Lenni Cirino

Personal information
- Full name: Lenni Rae Rowan Cirino
- Date of birth: 25 January 2003 (age 23)
- Place of birth: England
- Height: 1.79 m (5 ft 10 in)
- Position: Left-back

Team information
- Current team: Hednesford Town

Youth career
- Blackburn Rovers U21

Senior career*
- Years: Team / Apps / (Gls)
- 2021–2024: Blackburn Rovers / 0 / (0)
- 2024–2025: Clitheroe / 17 / (3)
- 2025–2026: Gillingham / 13 / (1)
- 2026-: Hednesford Town / 0 / (0)

International career^{‡}
- 2024–: Montserrat / 5 / (0)

= Lenni Cirino =

Montserratian footballer (born 2003)

Lenni Rae Rowan Cirino (born 25 January 2003) is a Montserratian football player who plays as a left-back for National League North side Hednesford Town.

==Club career==
Cirino trained in the academy of Blackburn Rovers, but never made an appearance for the senior club, despite receiving call-ups to it in 2021. On 18 May 2024, the club announced his release as his contract expired.

On 20 September 2024, Cirino joined Northern Premier League West Division club Clitheroe.

In July 2025, Cirino joined League Two club Gillingham on a short-term contract following a successful trial period. Cirino scored his first, and only, goal for the team in a 4-1 home victory over Chesterfield, scoring the hosts' third goal of the game. The goal was eventually shortlisted for Gillingham's Goal of the Season award.

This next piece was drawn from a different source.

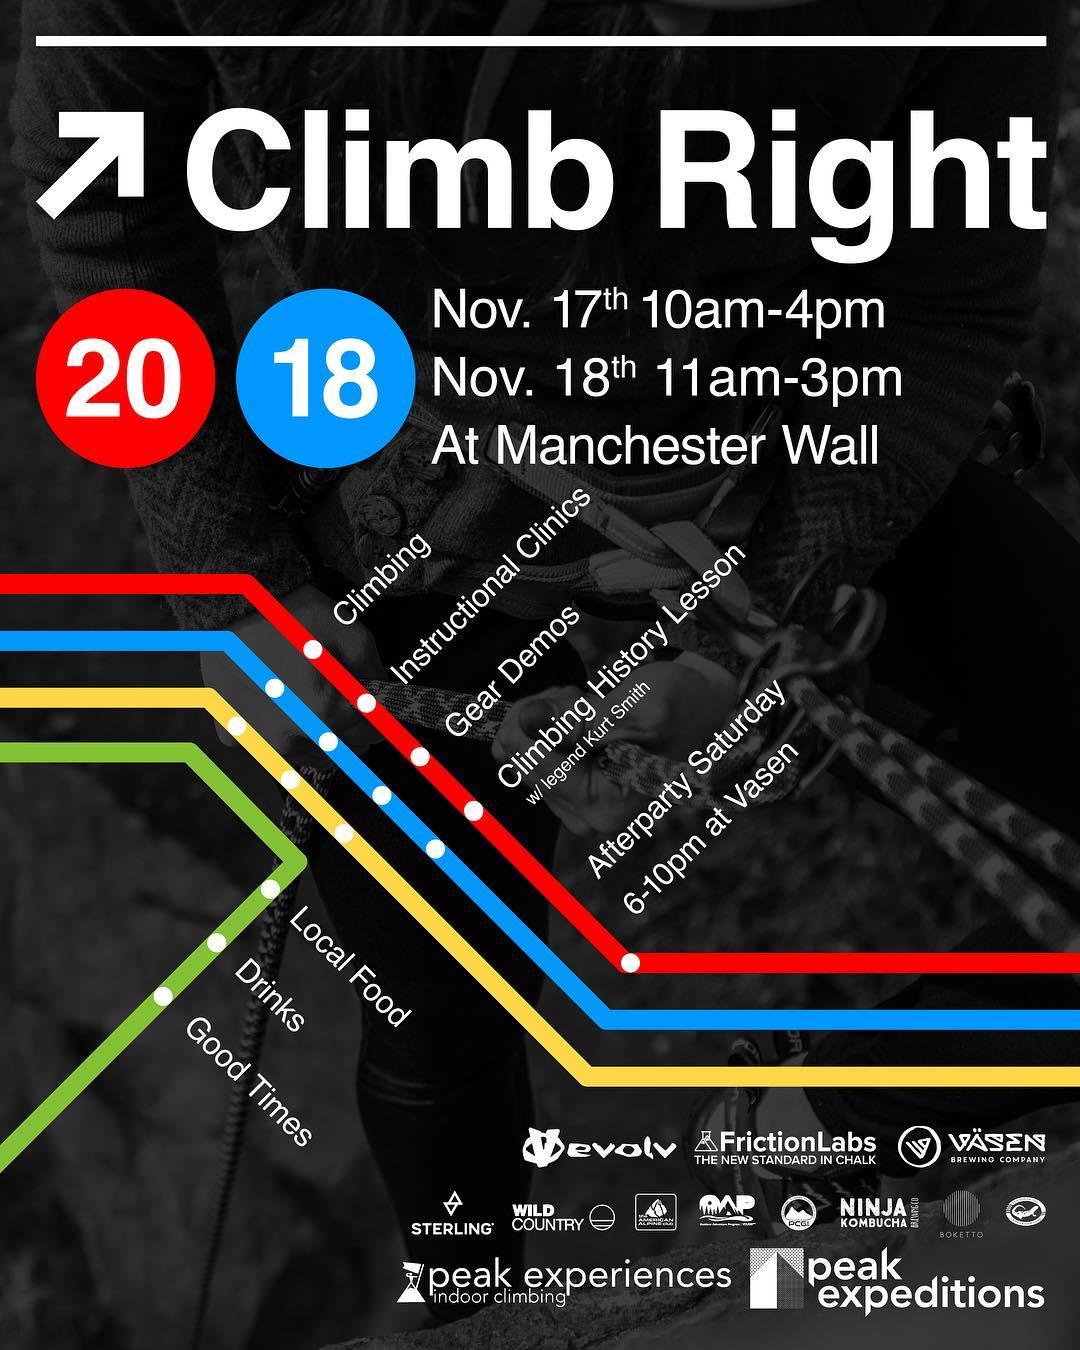 climb-right-nov-2018.jpg

He was released by Gillingham at the end of the 2025–26 season. Following his departure from the Kent side, on 2 July he signed for National League North newcomers Hednesford Town.

==International career==
Cirino made his debut for the Montserrat national team on 5 June 2024 in a World Cup qualifier against Nicaragua at the Nicaragua National Football Stadium. He started the game and played 70 minutes as Nicaragua won 4–1.

==Personal life==
Cirino is the older brother of Fleetwood Town defender Raff Cirino.